Сибирское село, где вырос я,
чьи рощи и пруды считал своими,
как все мы в детстве, помните, друзья?
Просторный дол и русским, и татарам,
и ссыльным латышам давал приют.
Но чаще — украинцам: здесь недаром
одну из улиц Киевской зовут.
Наш дом на праздник становился тесен:
за стол садилась мамина родня.
Слова застольных украинских песен
мне были внятны, трогали меня…
(«Ожог», 9–12 июня 2014)
Как своевременно прозвучали эти строки!..
Чуть севернее малой родины поэта (ну что такое 300 вёрст по сибирским масштабам!) проходил некогда путь знаменитого молдавского летописца и учёного Николая Милеску-Спафария в цинский Китай — с дипломатической миссией от русского царя. Об этом посольстве Анатолий Вершинский написал в своё время поэму, а я перевел её с русского языка и напечатал в кишинёвском журнале «Горизонт» («Orizontul»). А в сентябре 1990 года Союзом писателей СССР мы были командированы в Румынию для презентации только что увидевшего свет сборника стихов «Древо существования» — первой в Советском Союзе антологии молодых поэтов Румынии (переводы с румынского, венгерского и немецкого). Книгу вышла в Москве в серии «Библиотека журнала “Молодая гвардия”». Мы — это Анатолий Вершинский, её редактор; ваш покорный слуга, составитель сборника, и моя супруга Алла Тер-Акопян, известная армянско-русская поэтесса, автор половины переводов. (С грустью замечу, что год спустя талантливая поэтесса отказалась от поэзии, продала квартиру в центре Москвы, уехала на Алтай, построила в горах на вырученные деньги «Храм знаний» и пишет исключительно эзотерические книги…)
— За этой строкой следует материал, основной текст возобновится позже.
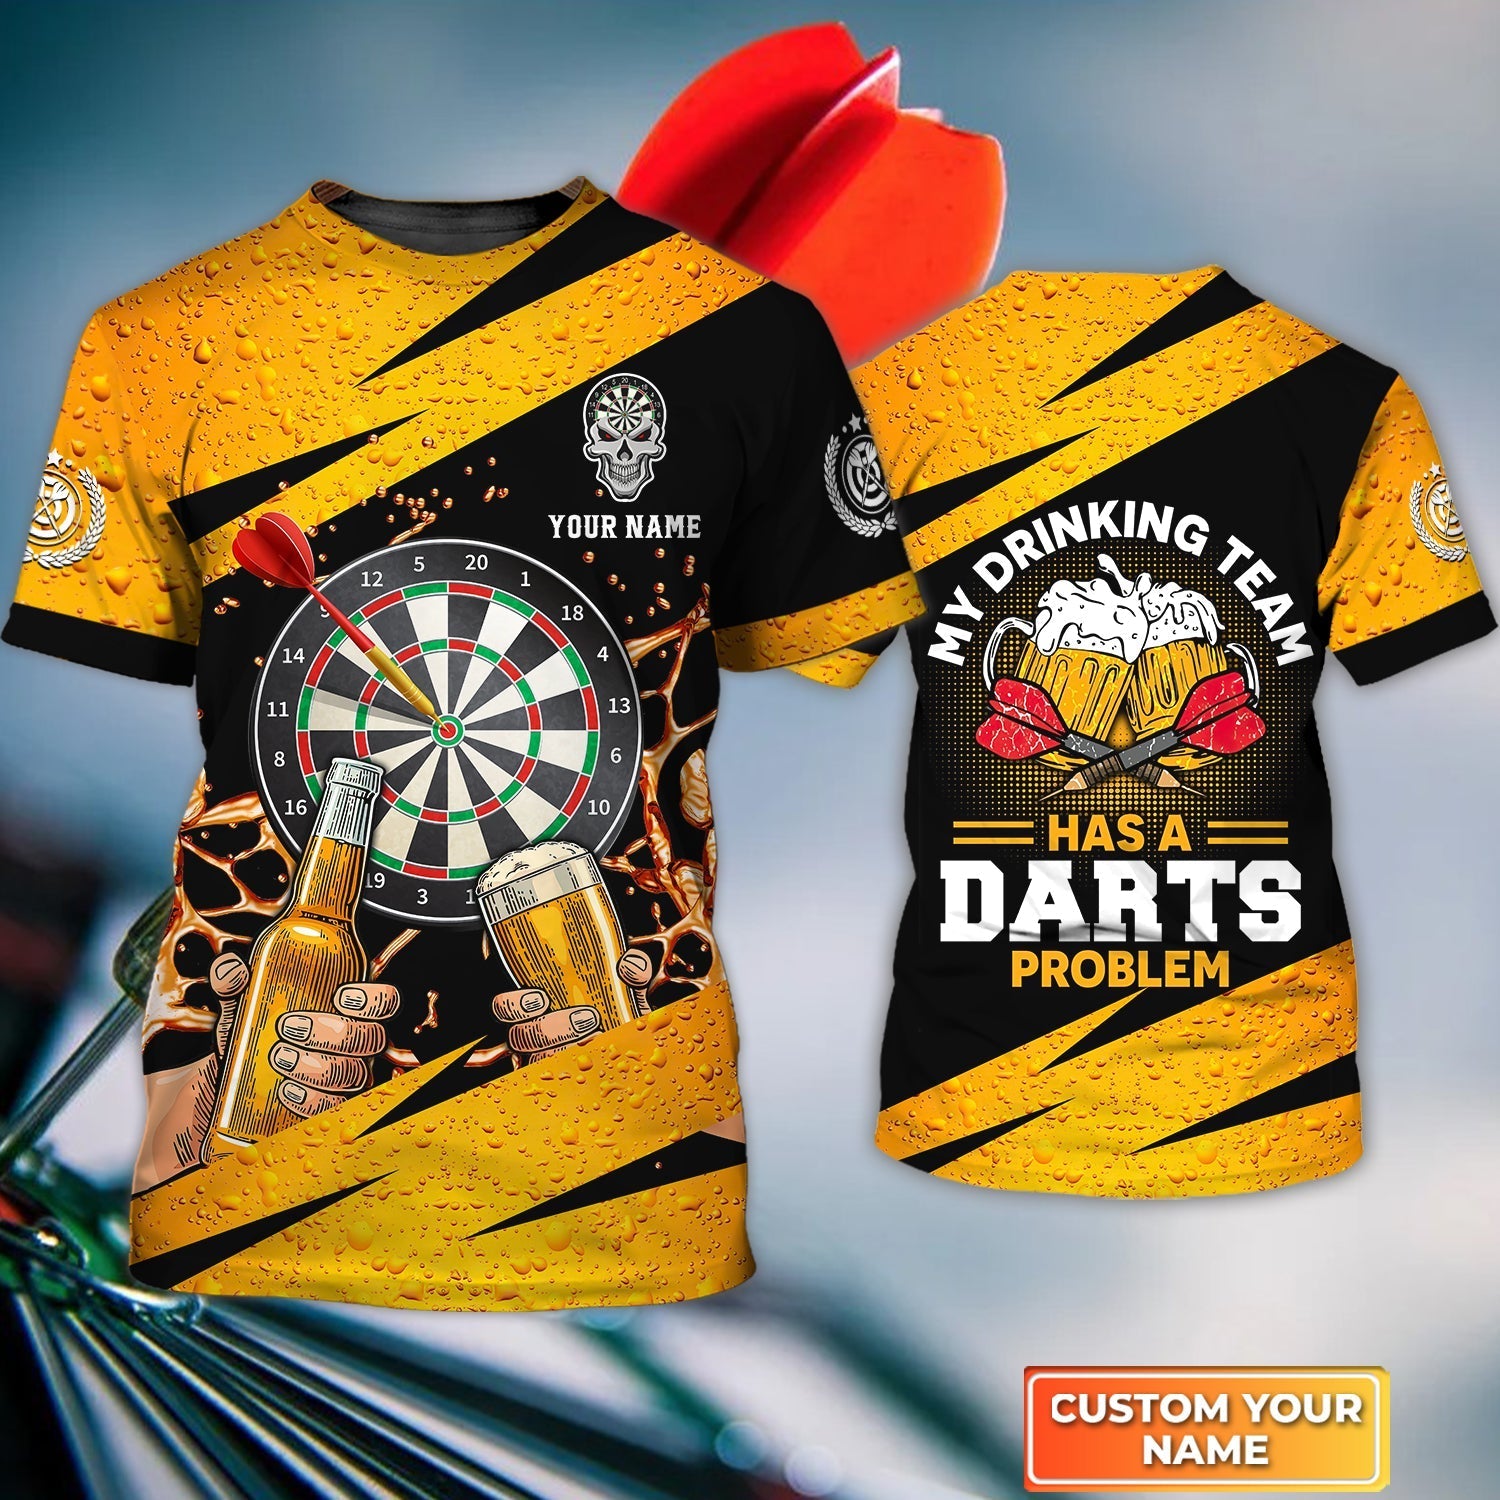 I’D Hit That Darts Personalized Name 3D Tshirt, gift For Darts Player – DT150

Неслучайно вспомнил я нашу творческую командировку на мою историческую родину. Мы жили в самом центре столицы Румынии, в гостинице «Ambasador», и в редкие минуты отдыха гуляли втроём по бульварам. Анатолий Вершинский и здесь продолжал работать. Он снимал на любительскую кинокамеру городские виды, и часто в объектив попадали обгорелые здания в центре Бухареста, выбоины от пуль на стенах домов — горестные следы событий декабря 1989 года, когда произошла так называемая румынская революция, которая на деле оказалась всего лишь государственным переворотом… Местная полиция заметила «кинооператора». Я услышал реплику стража порядка: «Что это он всё снимает?!» и поспешил дать соответствующие пояснения. Время было довольно смутное, а мы говорили на русском…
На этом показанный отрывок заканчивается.